• **Requirement**
Between the line containing "Decorazioni Per Torte" and the line containing "Bauchchirurgie - minimal-invasive Behandlung" lies a run of lines; give that run again exactly, with both of those lines, and nothing else from the entries below.

• **Provided records**

"""

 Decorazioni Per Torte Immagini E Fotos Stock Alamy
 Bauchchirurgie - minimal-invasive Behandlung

"""
"""

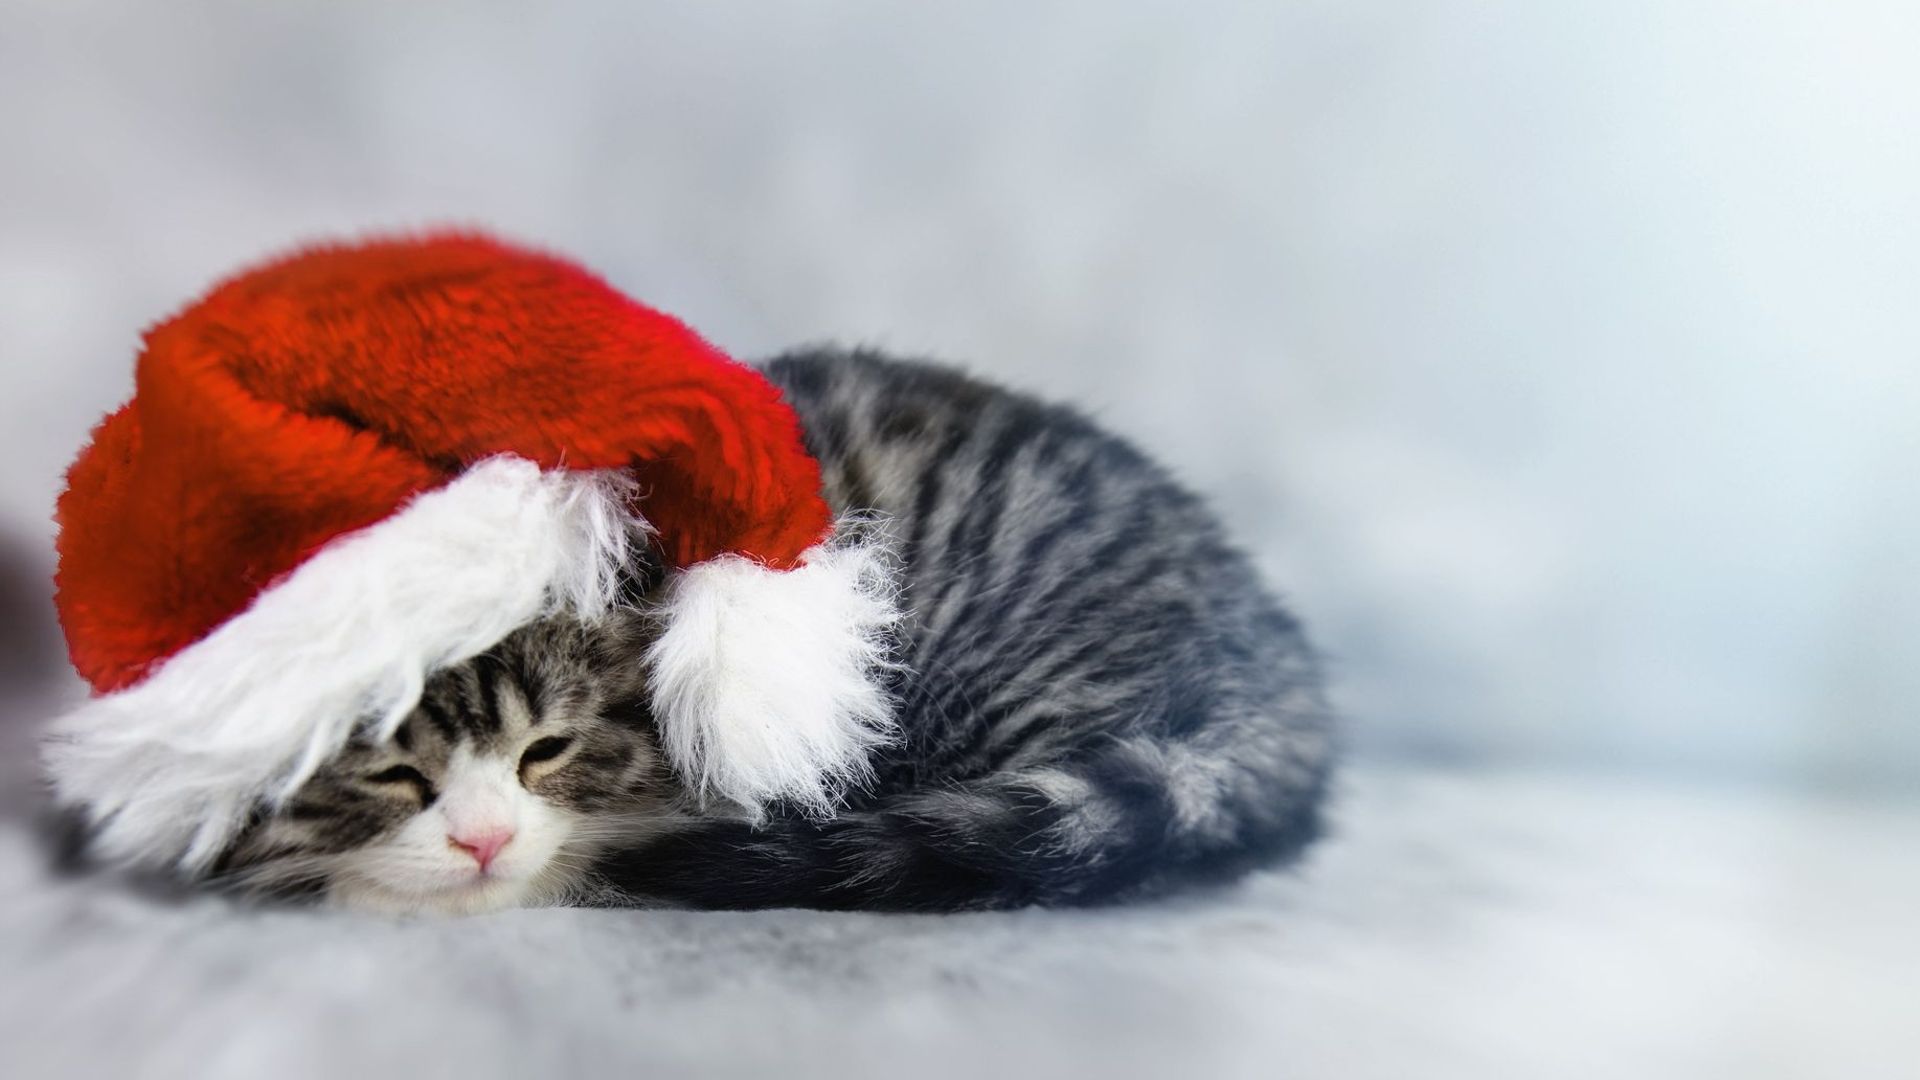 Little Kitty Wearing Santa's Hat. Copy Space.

"""

• **Answer to the exercise**
 Decorazioni Per Torte Immagini E Fotos Stock Alamy
 Bauchchirurgie - minimal-invasive Behandlung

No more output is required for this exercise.